- [DATA SHOWN]:
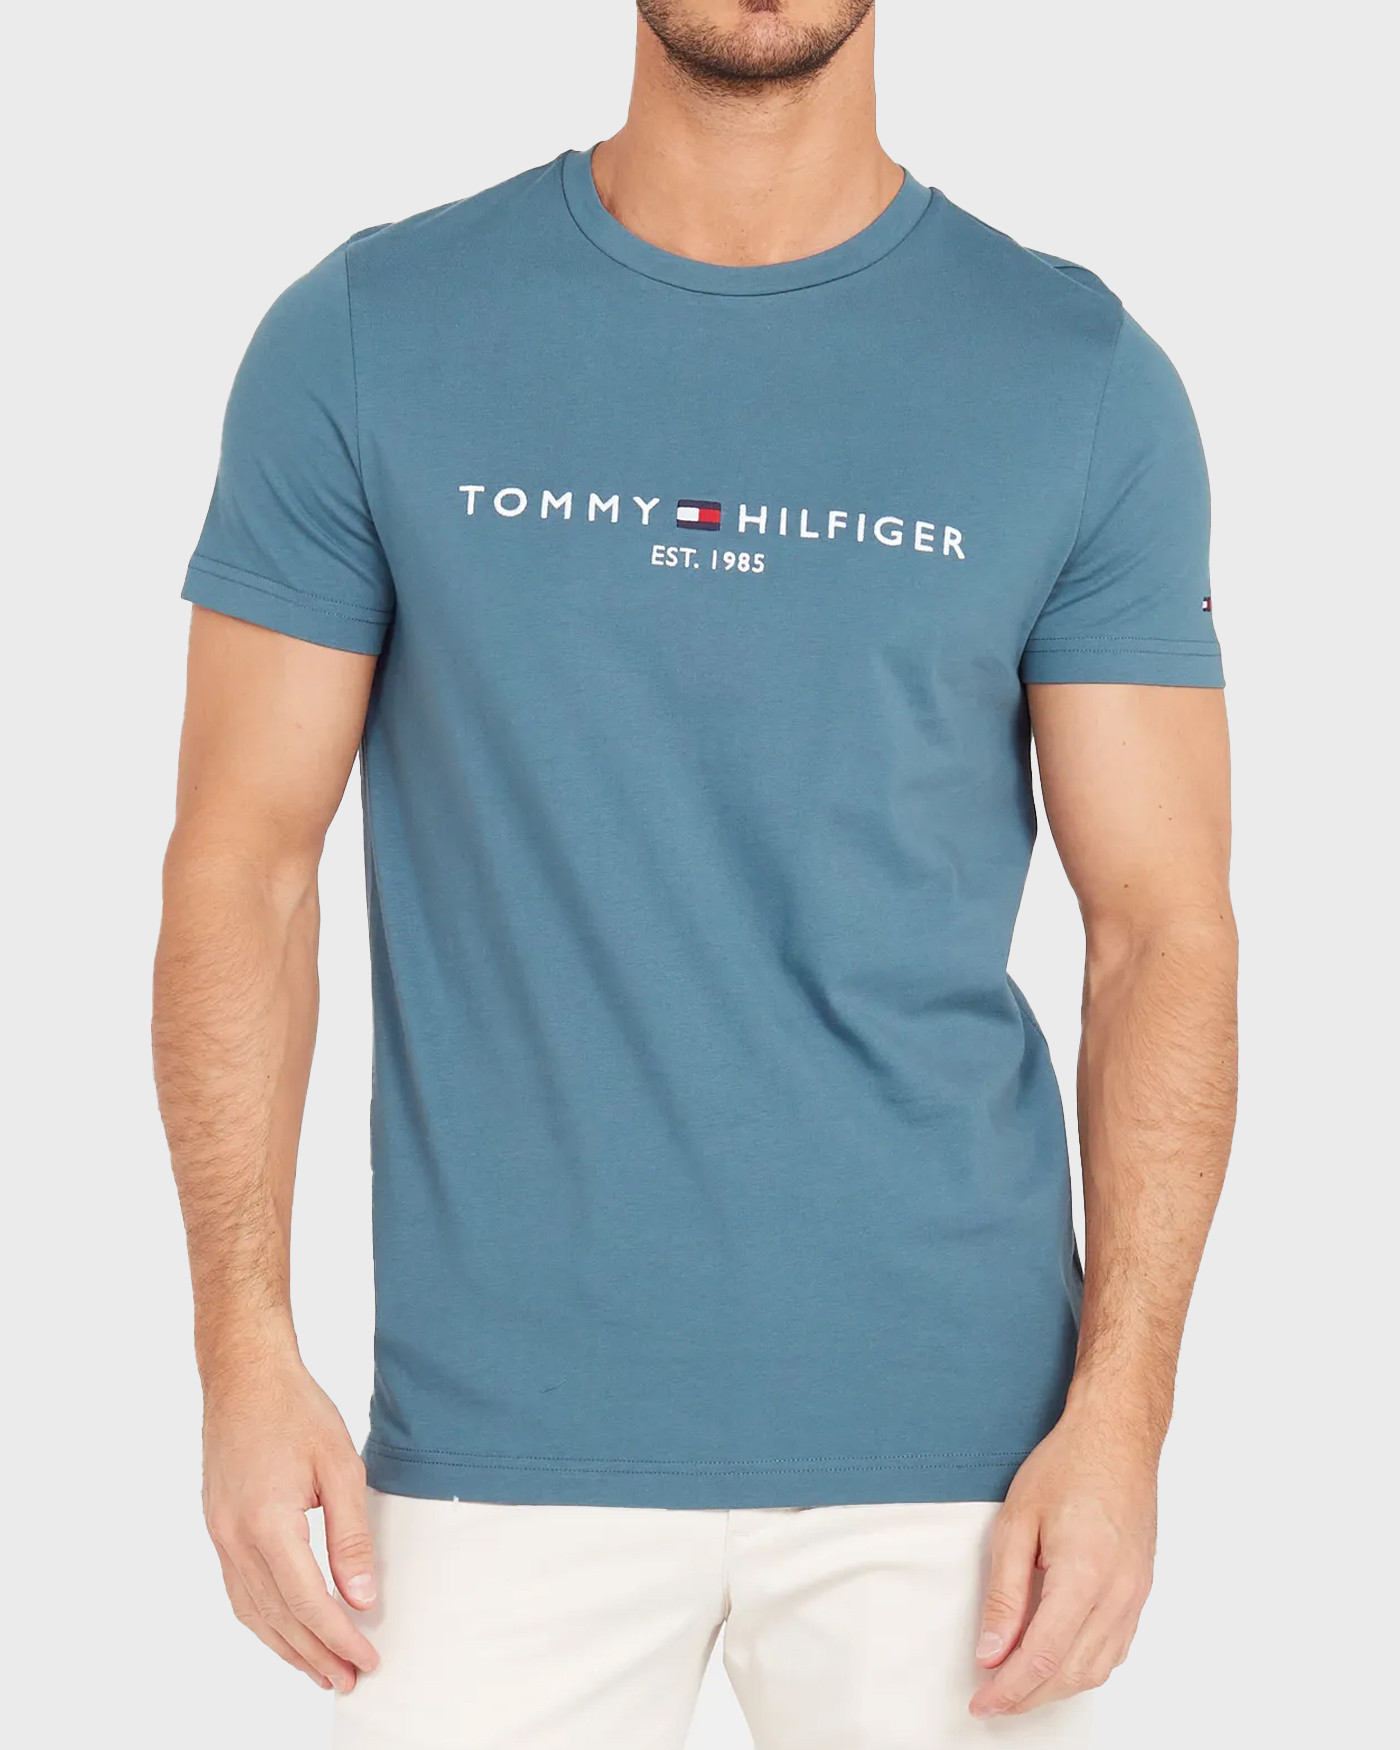 Tommy Hilfiger Men's T-Shirt - MW0MW11797 - sagiakos-stores.gr
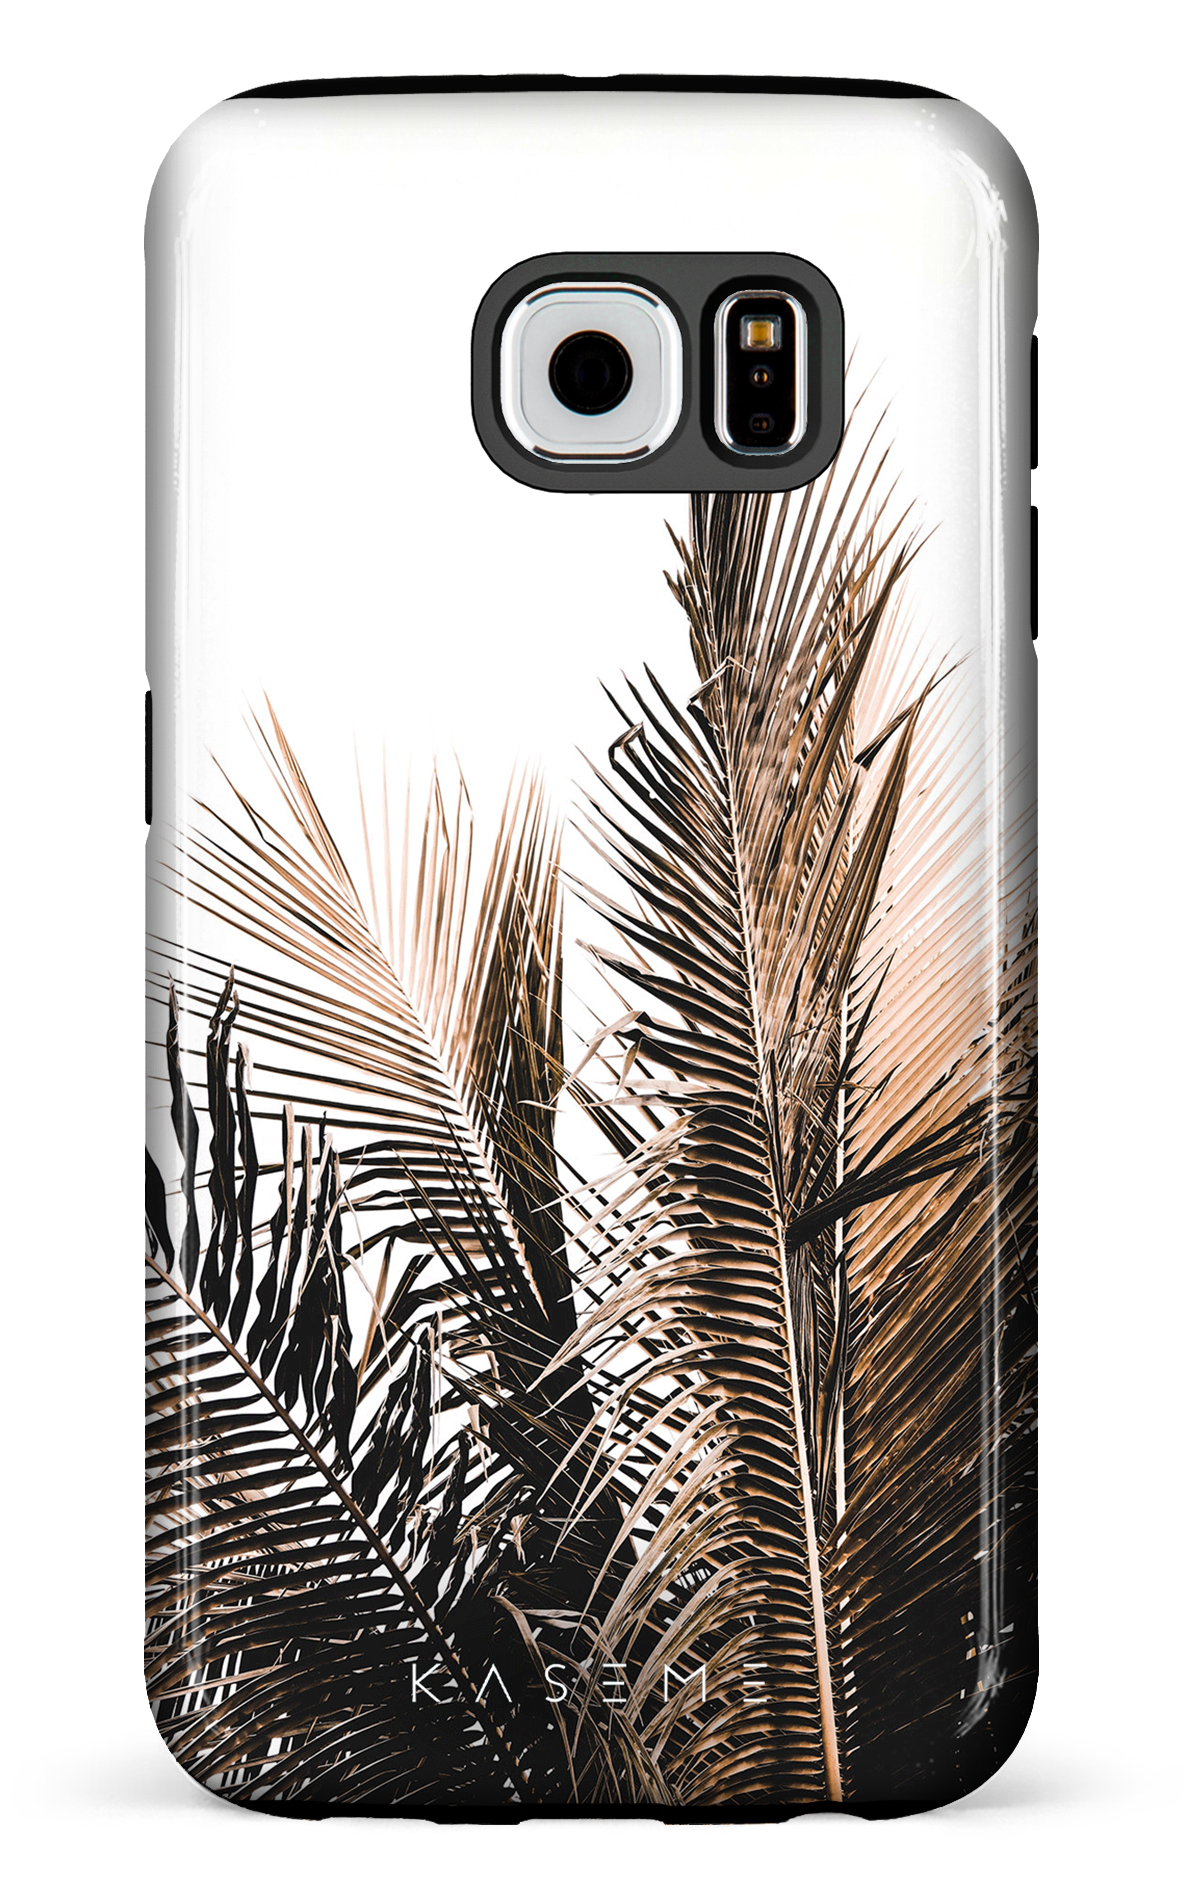 Cali - Galaxy S6
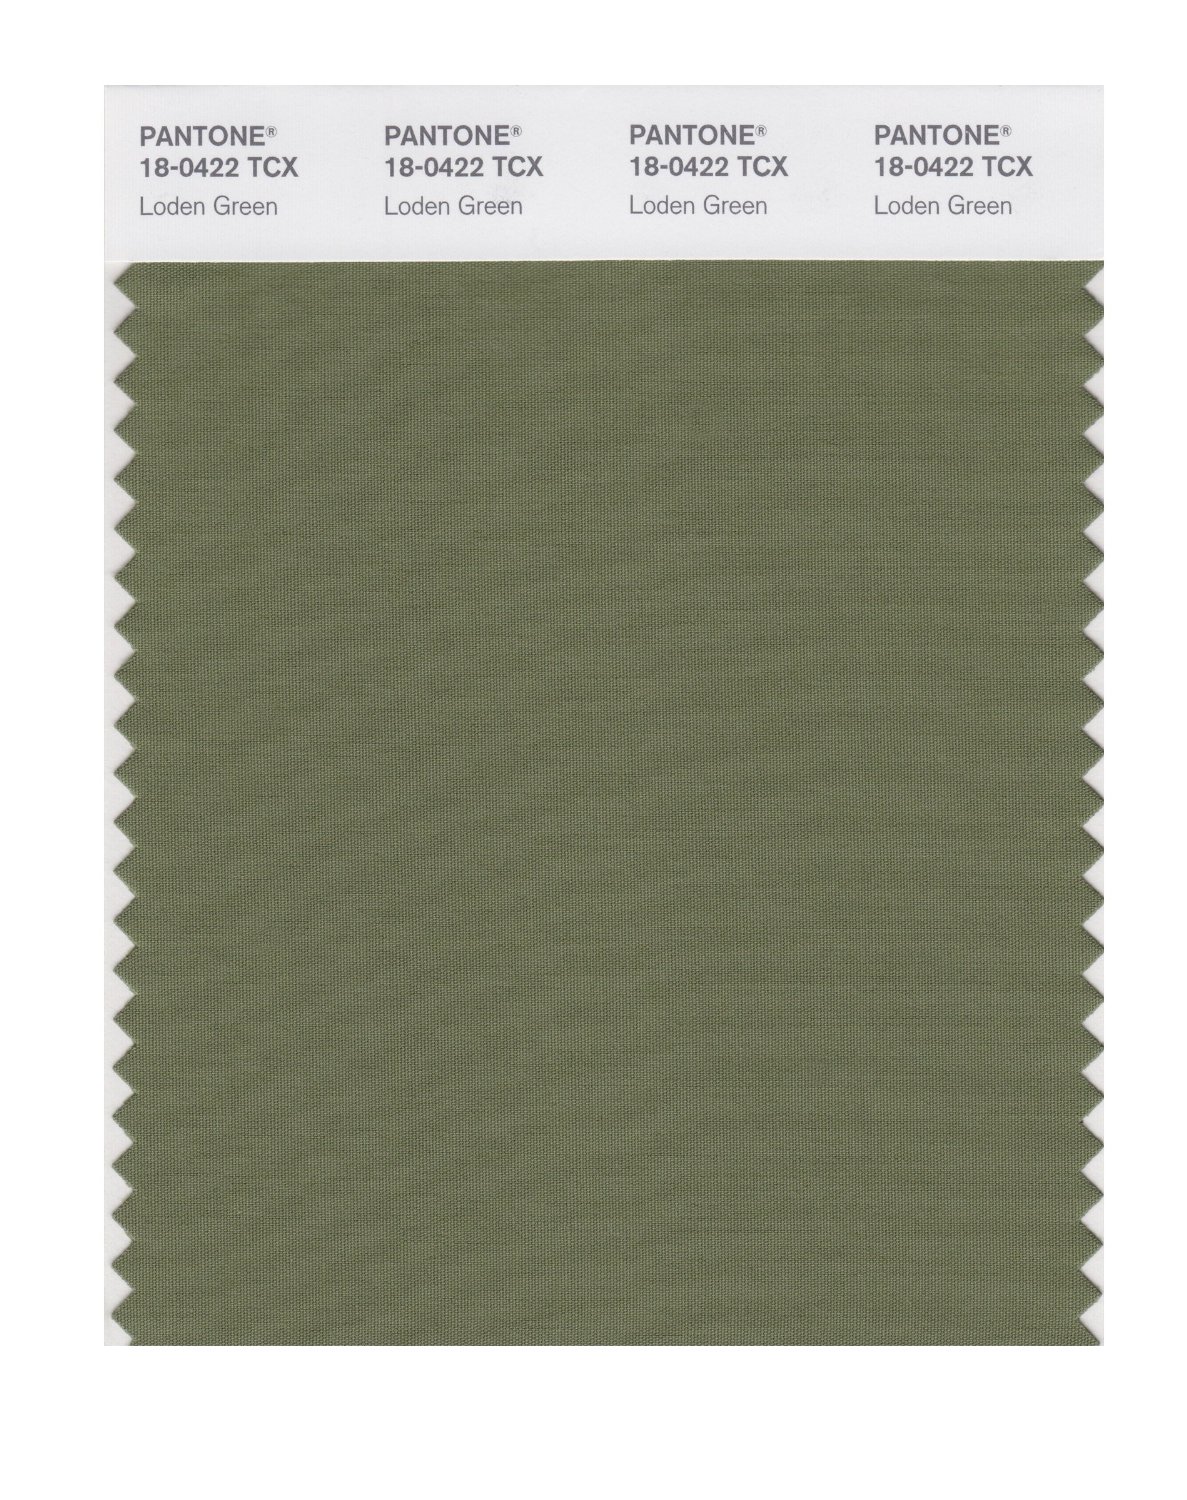 Pantone Cotton Swatch 18-0422 Loden Green

- [TASK REQUIREMENTS]:
Your reply should consist of the data, transcribed exactly, and should hold no pictures.

- [TASK RESPONSE]:
 Tommy Hilfiger Men's T-Shirt - MW0MW11797 - sagiakos-stores.gr
 Cali - Galaxy S6
 Pantone Cotton Swatch 18-0422 Loden Green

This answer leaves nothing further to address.